#### Supplied data:
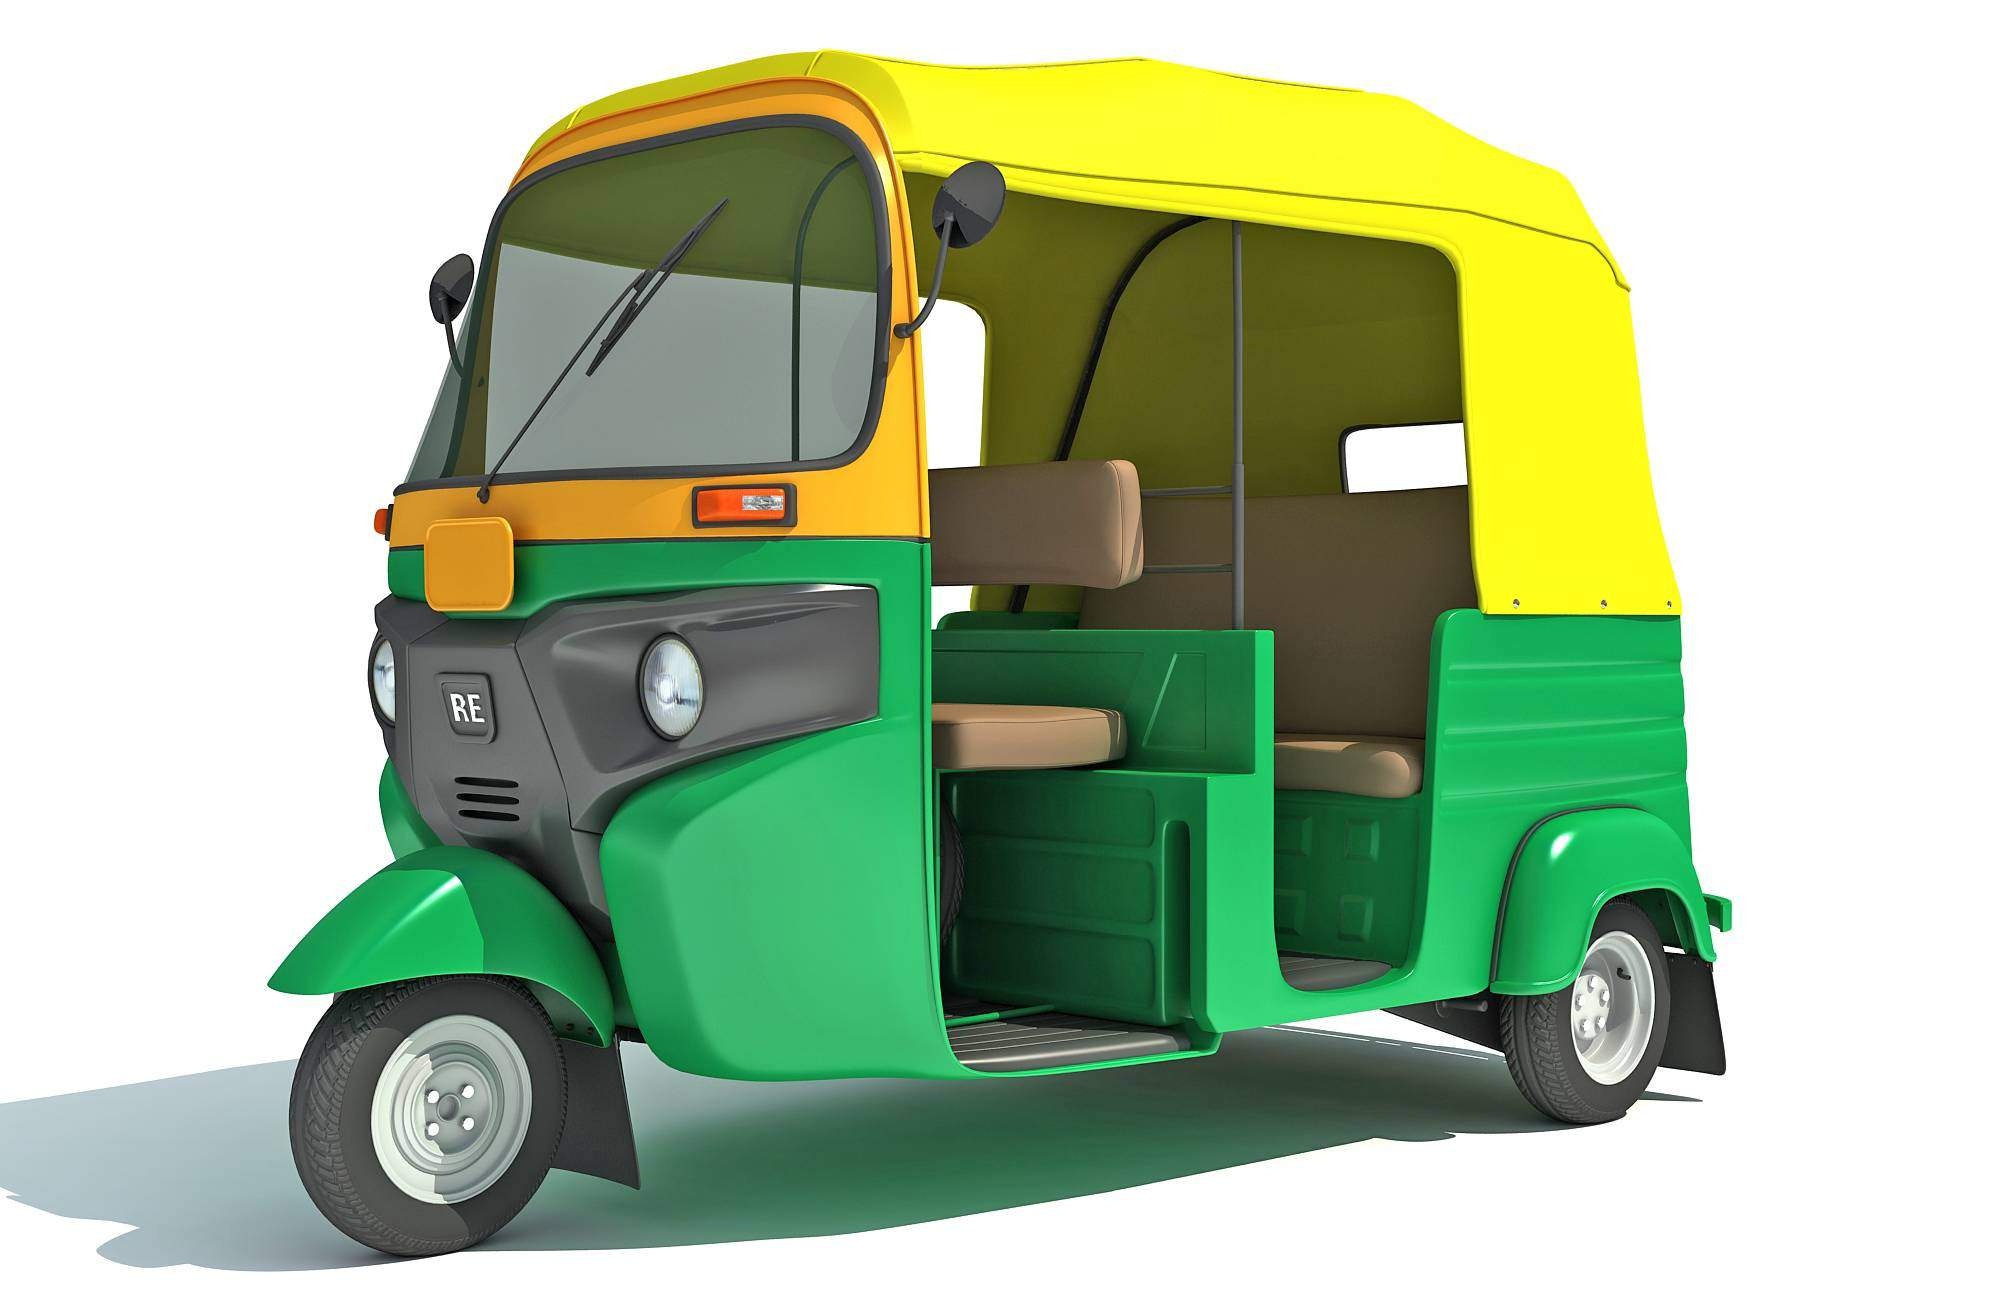 Tuk Tuk Car, Bajaj auto rickshaw, 3D model, Unique transportation, 2000x1300 HD Desktop
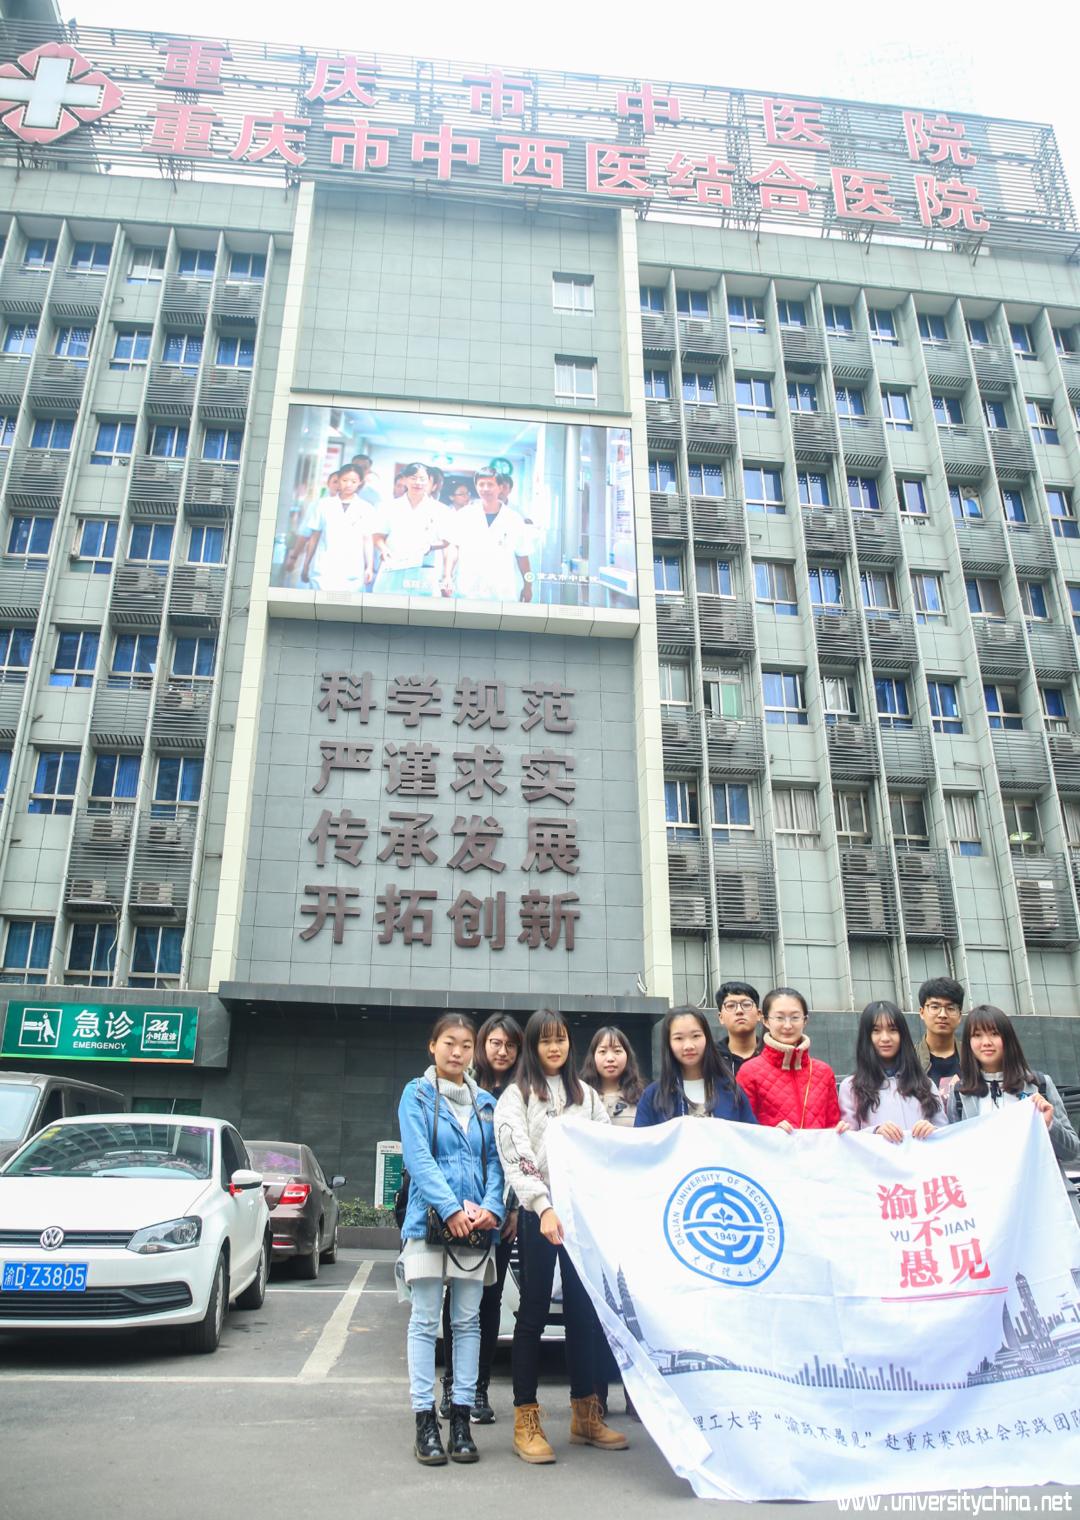 大连理工大学“渝践不愚见”社会实践团队定址重庆开始为期五天的寒假社会实践活动
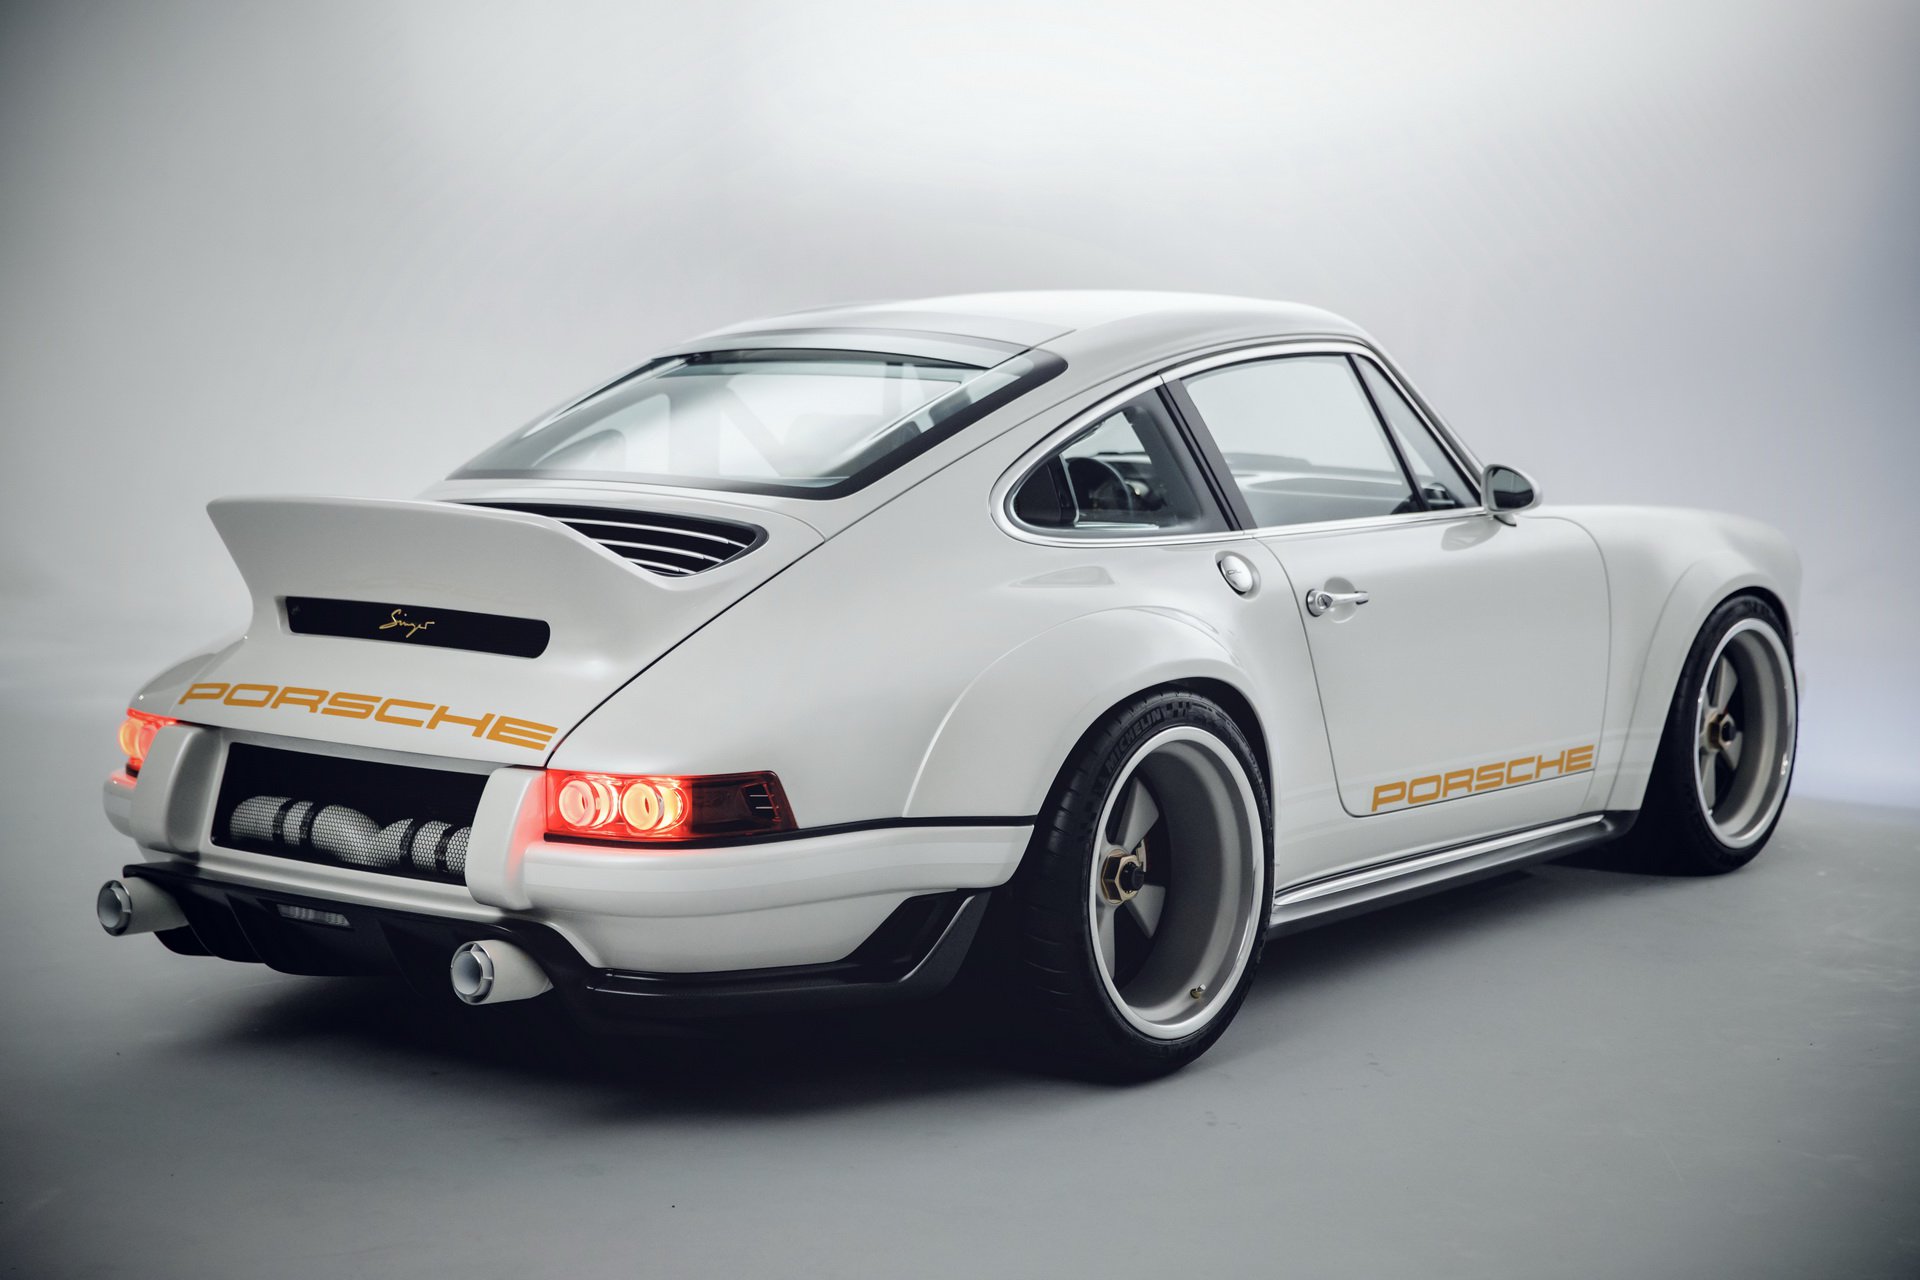 ¿Por qué este Porsche 911 cuesta 1,6 millones de euros
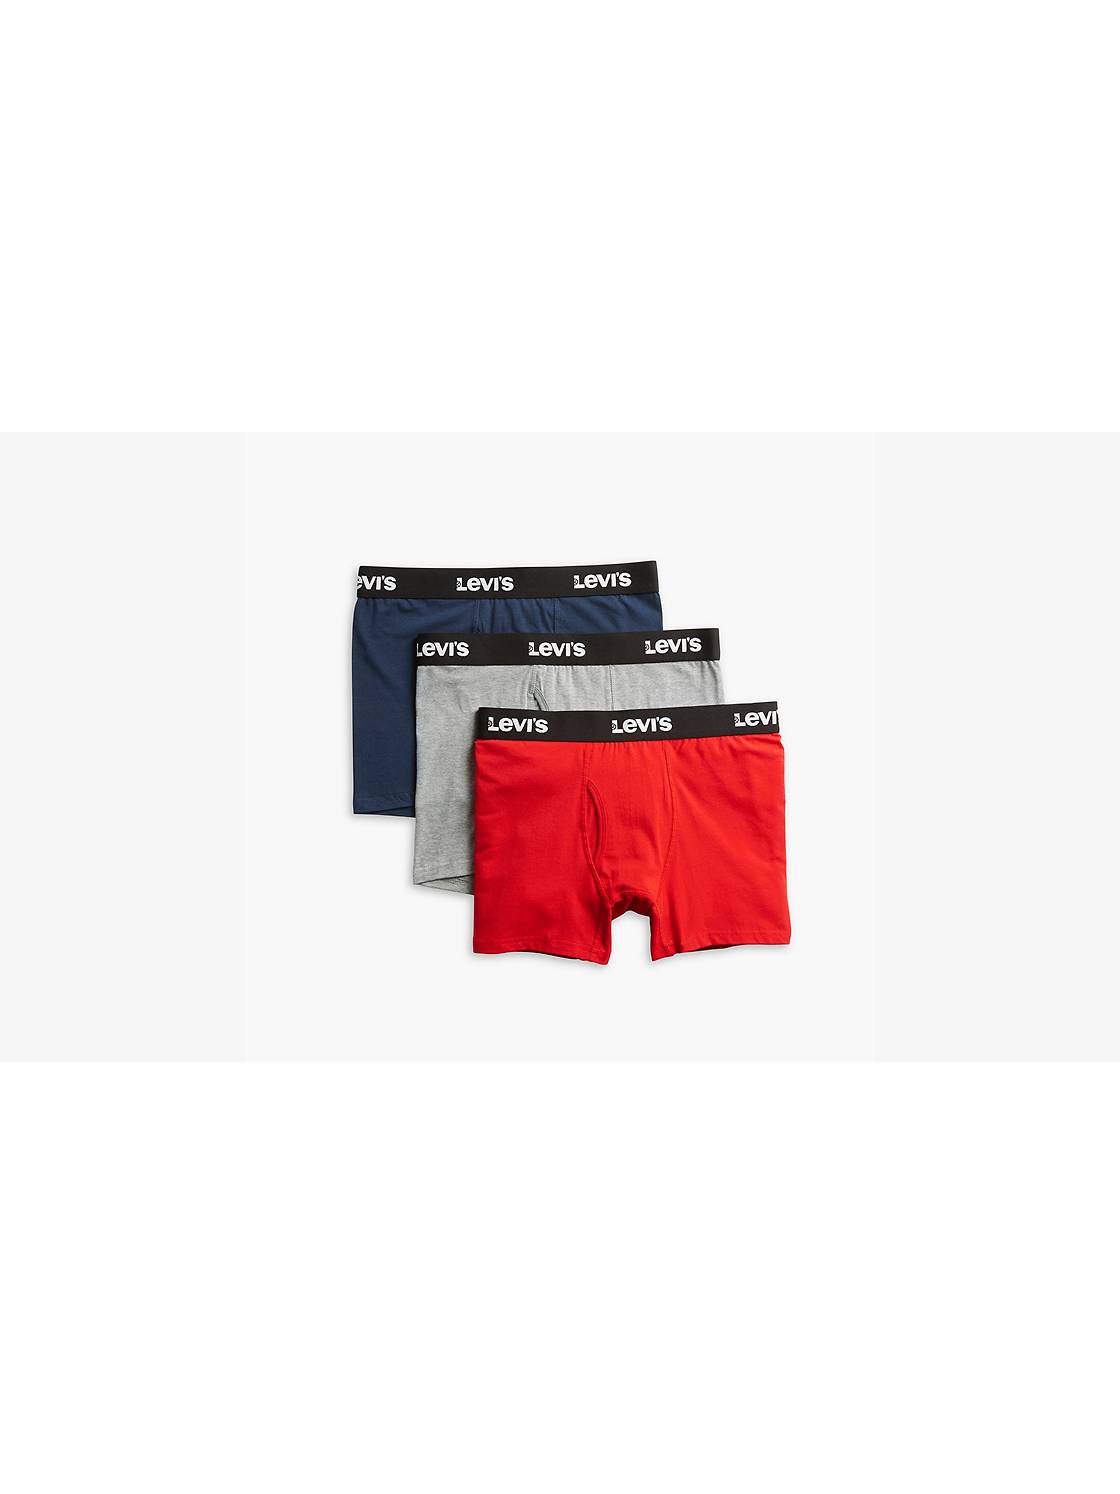 Levi's Mens Boxer Briefs Mens Underwear 6 Pack Breathable Cotton

#### The problem:
Pick up at the line containing "millones de euros" and copy each line exactly until the data ends, including that last line; copy no pictures.

#### Task response:
 ¿Por qué este Porsche 911 cuesta 1,6 millones de euros
 Levi's Mens Boxer Briefs Mens Underwear 6 Pack Breathable Cotton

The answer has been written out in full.